**** Given data ****

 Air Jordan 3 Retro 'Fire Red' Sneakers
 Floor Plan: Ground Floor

****
**** Given data ****

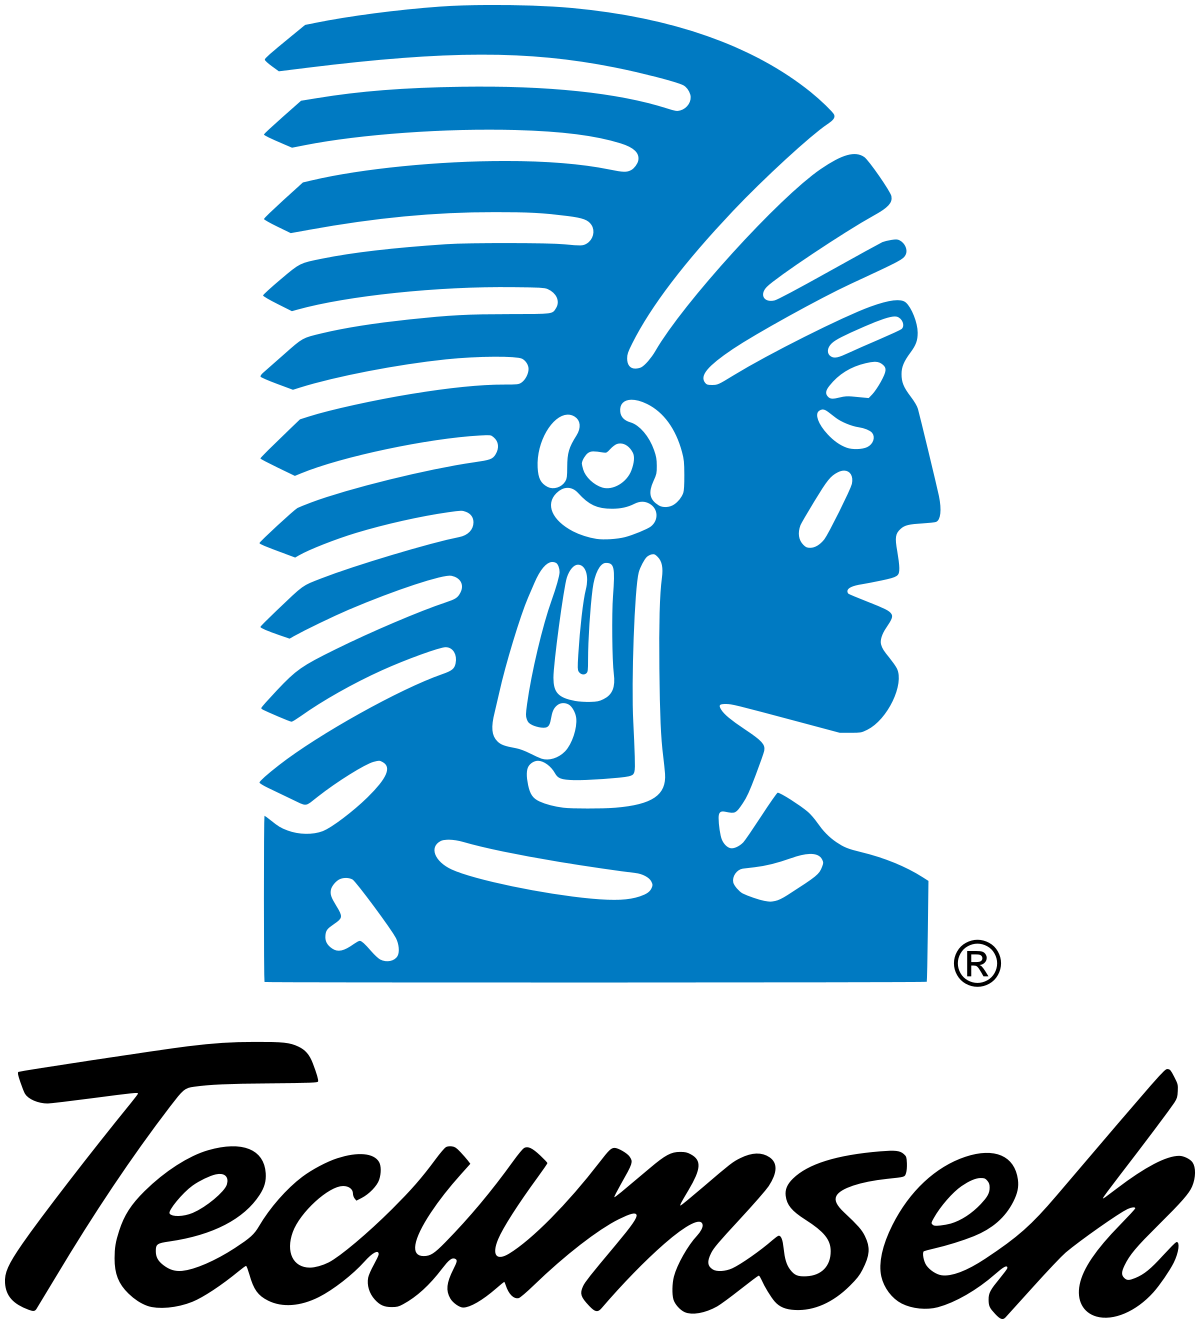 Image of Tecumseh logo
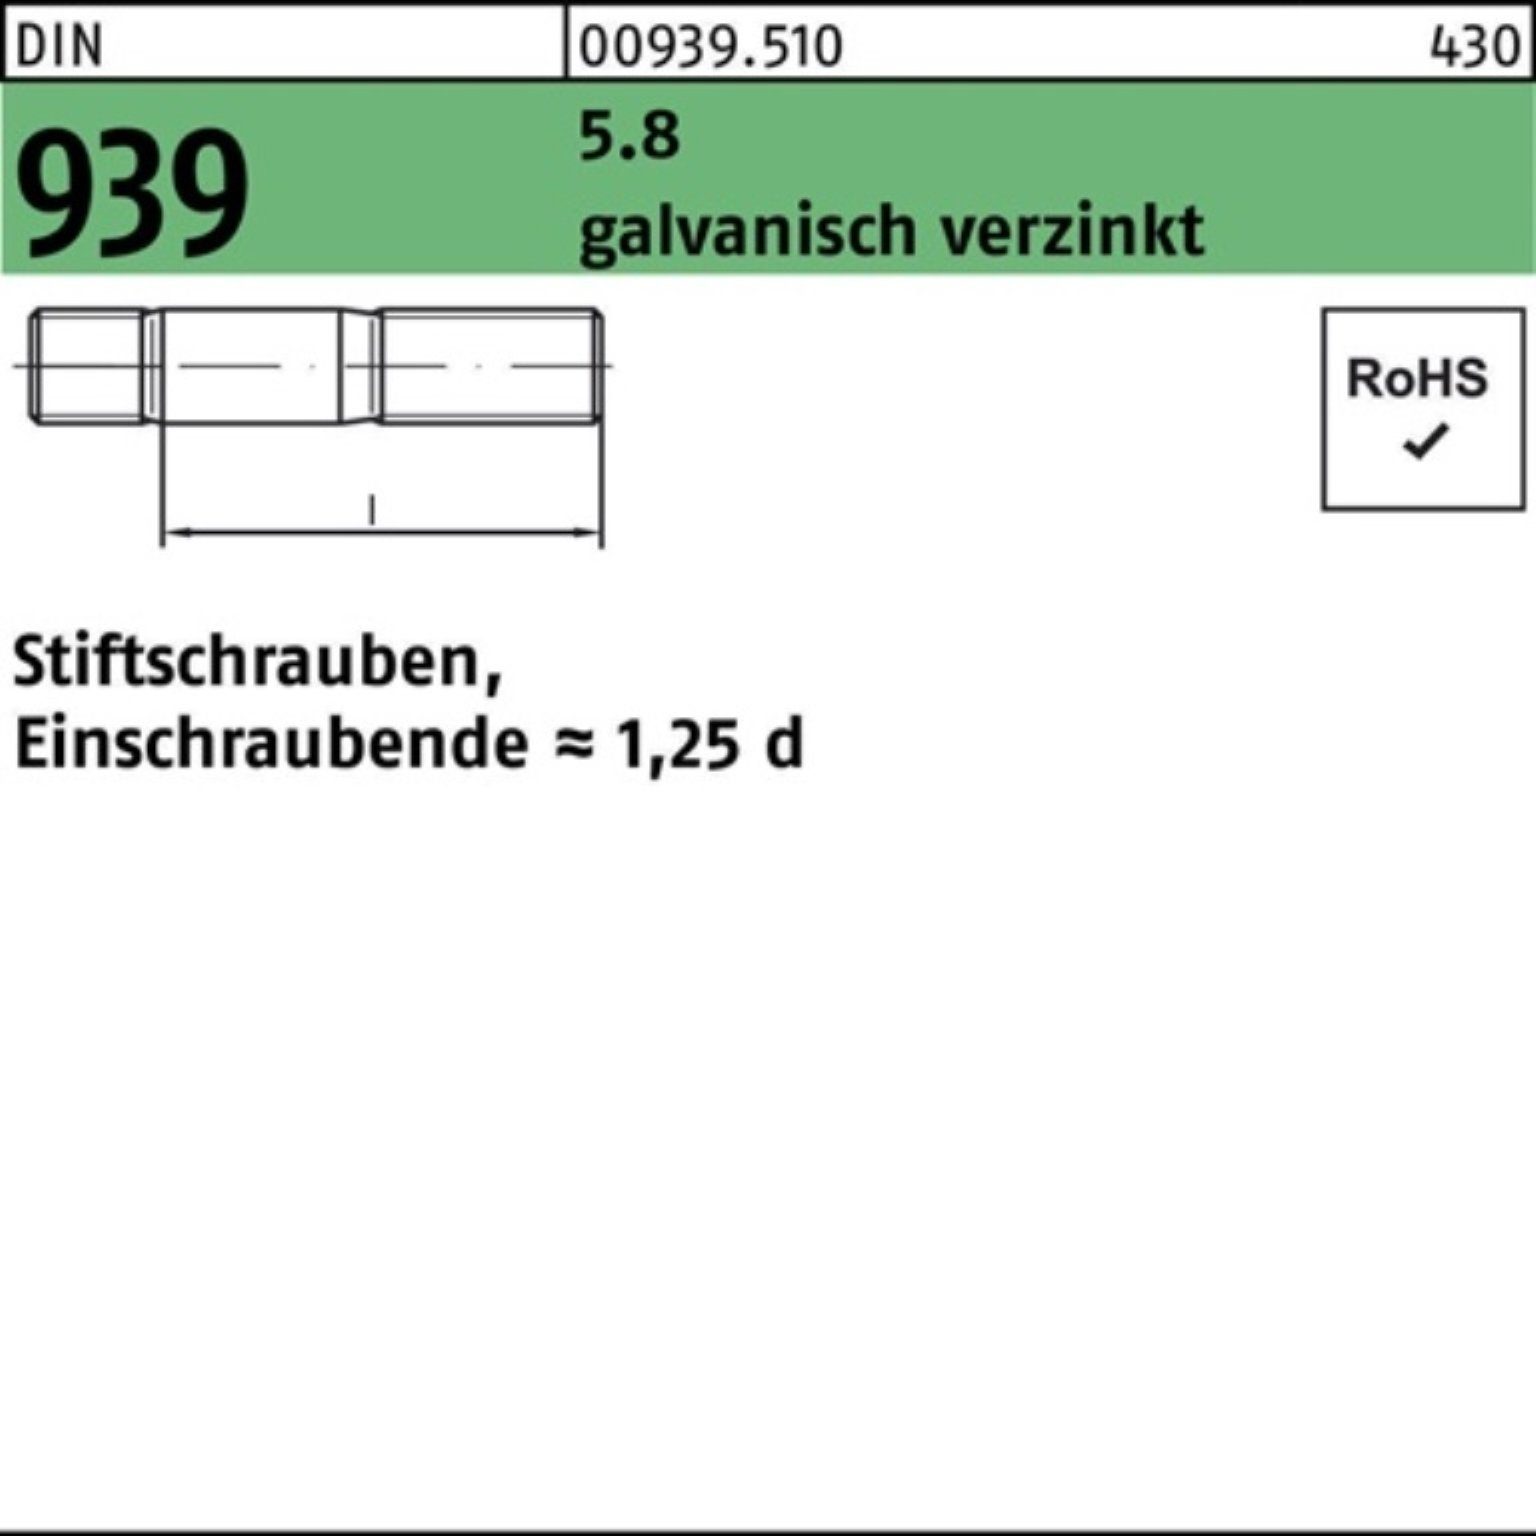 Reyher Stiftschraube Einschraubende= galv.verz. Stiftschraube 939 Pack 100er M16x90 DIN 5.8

****

[Task item] Look above for the line with "Image of Tecumseh logo" and the line with "Reyher Stiftschraube Einschraubende= galv.verz.", then copy them and all lines in between exactly as written, and only those, without any pictures.

[The answer]
 Image of Tecumseh logo
 Reyher Stiftschraube Einschraubende= galv.verz. Stiftschraube 939 Pack 100er M16x90 DIN 5.8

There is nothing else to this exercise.